→ Work to complete: Apart from the pictures, print the data below exactly as given.

→ Information shown:

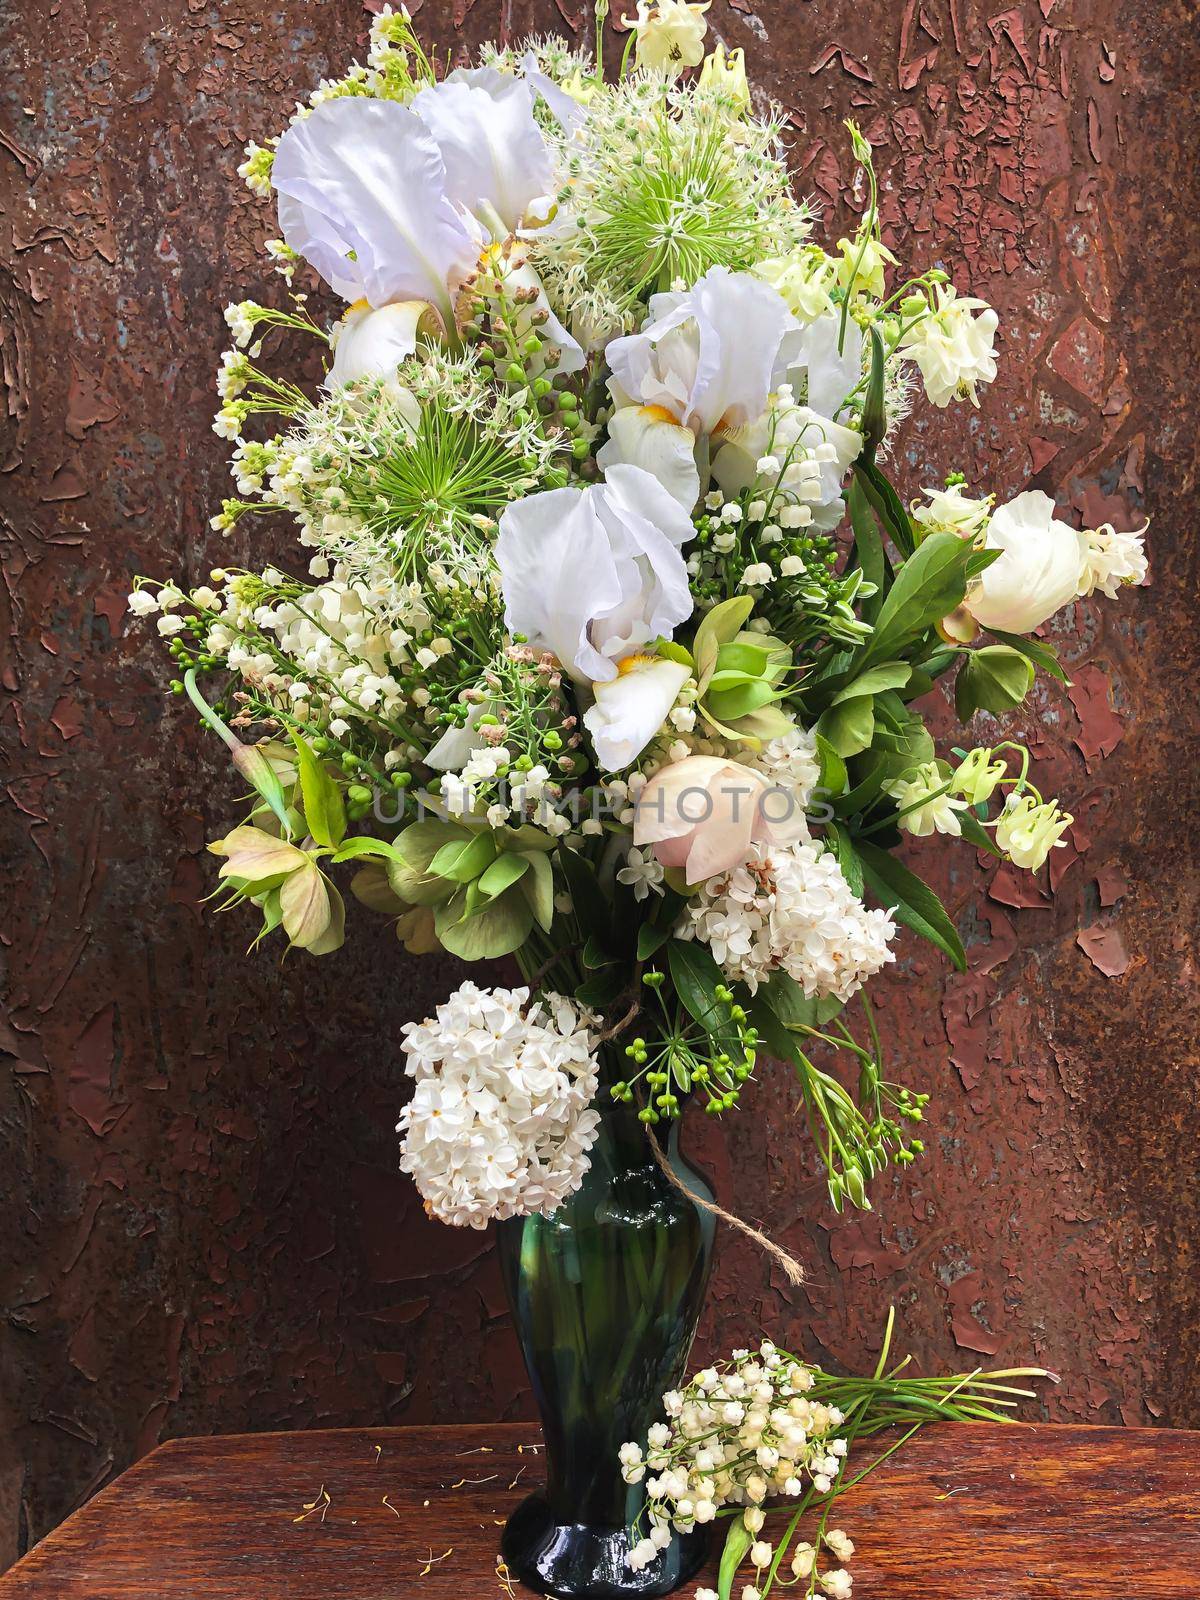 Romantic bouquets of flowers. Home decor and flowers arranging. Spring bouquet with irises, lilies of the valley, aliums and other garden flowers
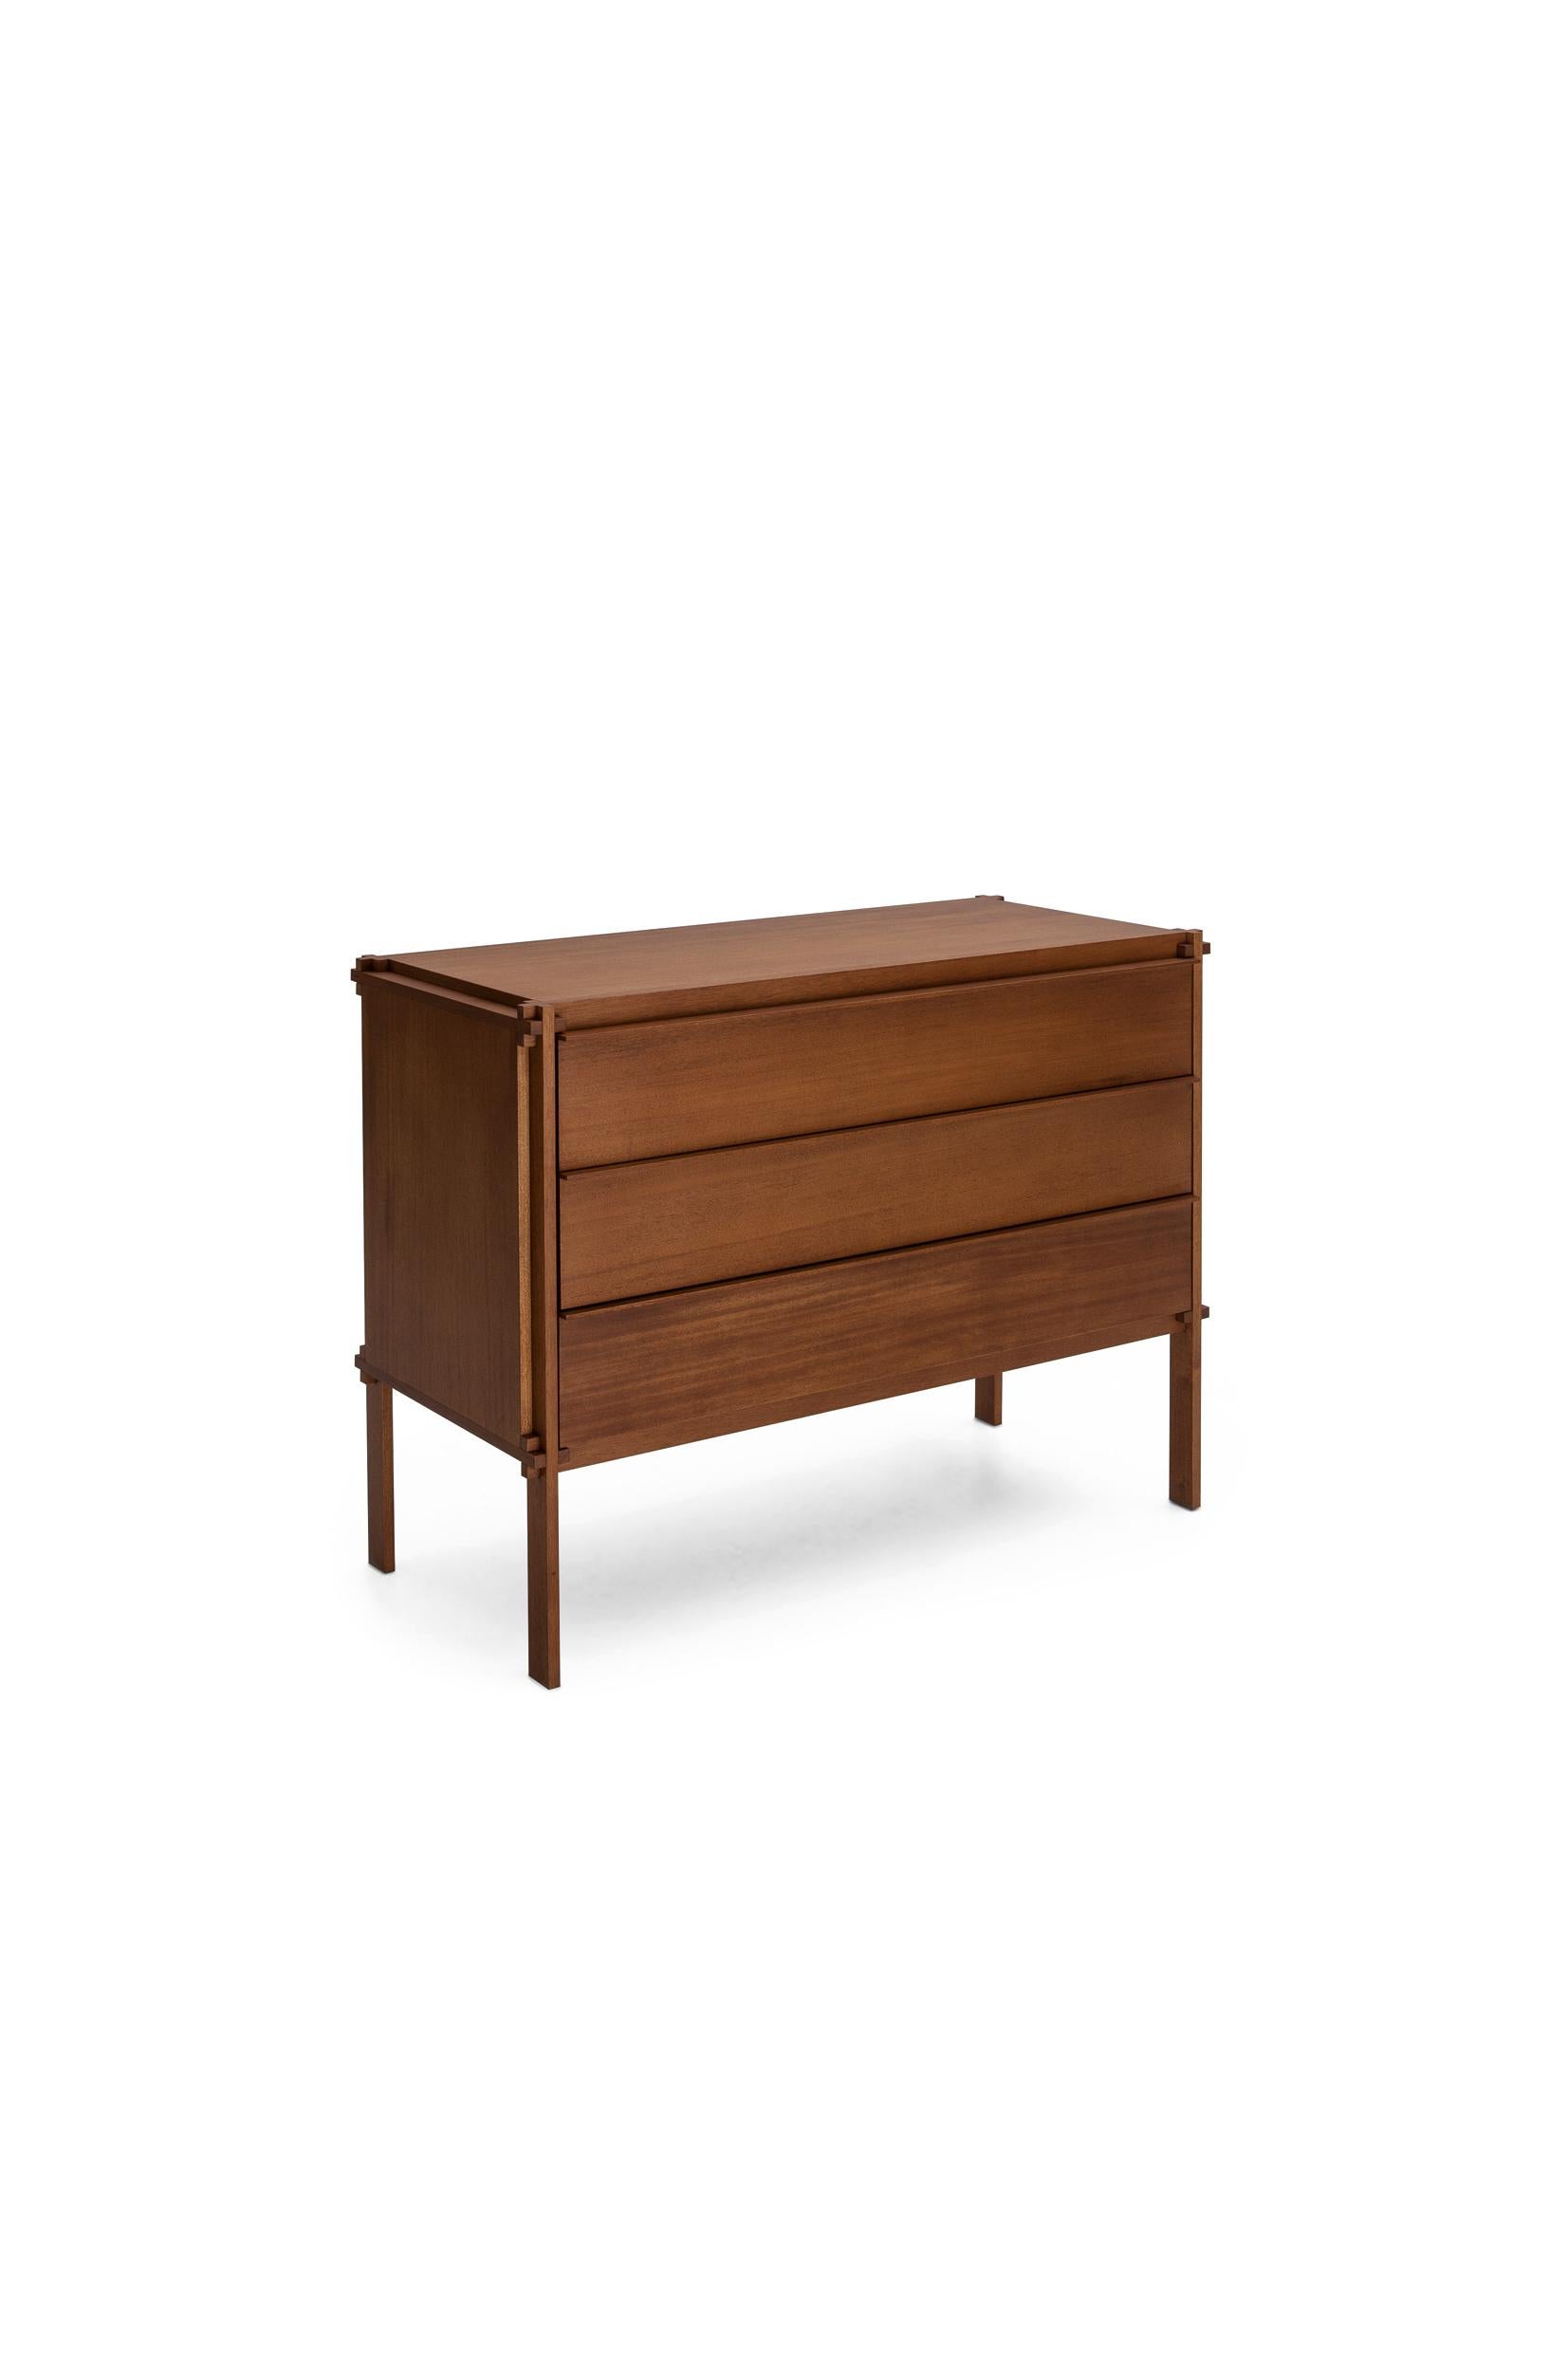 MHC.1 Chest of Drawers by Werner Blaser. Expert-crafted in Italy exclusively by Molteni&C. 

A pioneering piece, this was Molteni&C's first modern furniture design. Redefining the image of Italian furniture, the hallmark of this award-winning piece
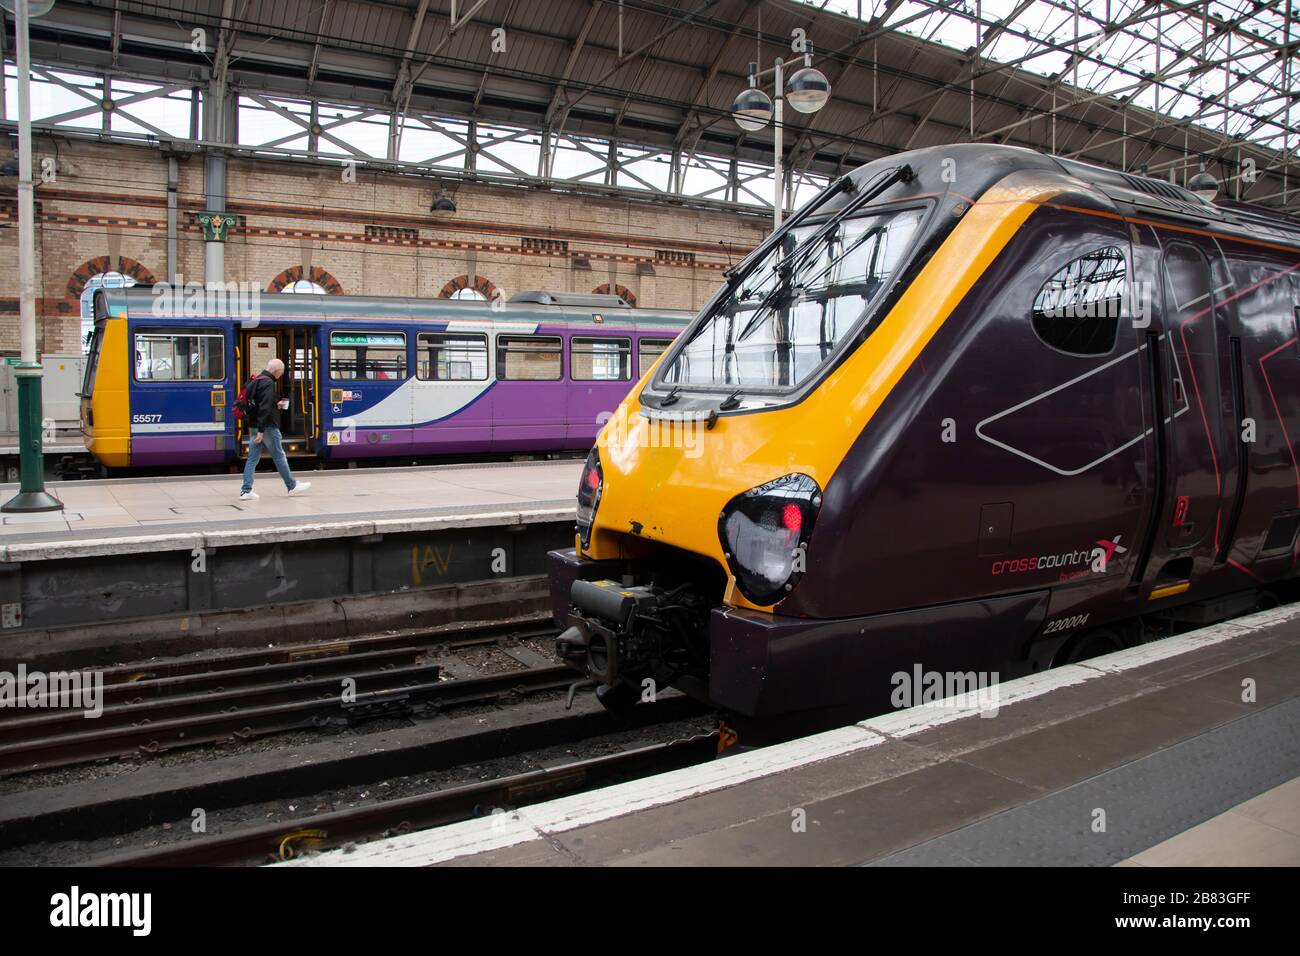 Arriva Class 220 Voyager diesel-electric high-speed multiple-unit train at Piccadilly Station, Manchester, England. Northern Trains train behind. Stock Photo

→ Finished exercise:
 Romantic bouquets of flowers. Home decor and flowers arranging. Spring bouquet with irises, lilies of the valley, aliums and other garden flowers
 MHC.1 Chest of Drawers by Werner Blaser. Expert-crafted in Italy exclusively by Molteni&C. 

A pioneering piece, this was Molteni&C's first modern furniture design. Redefining the image of Italian furniture, the hallmark of this award-winning piece
 Arriva Class 220 Voyager diesel-electric high-speed multiple-unit train at Piccadilly Station, Manchester, England. Northern Trains train behind. Stock Photo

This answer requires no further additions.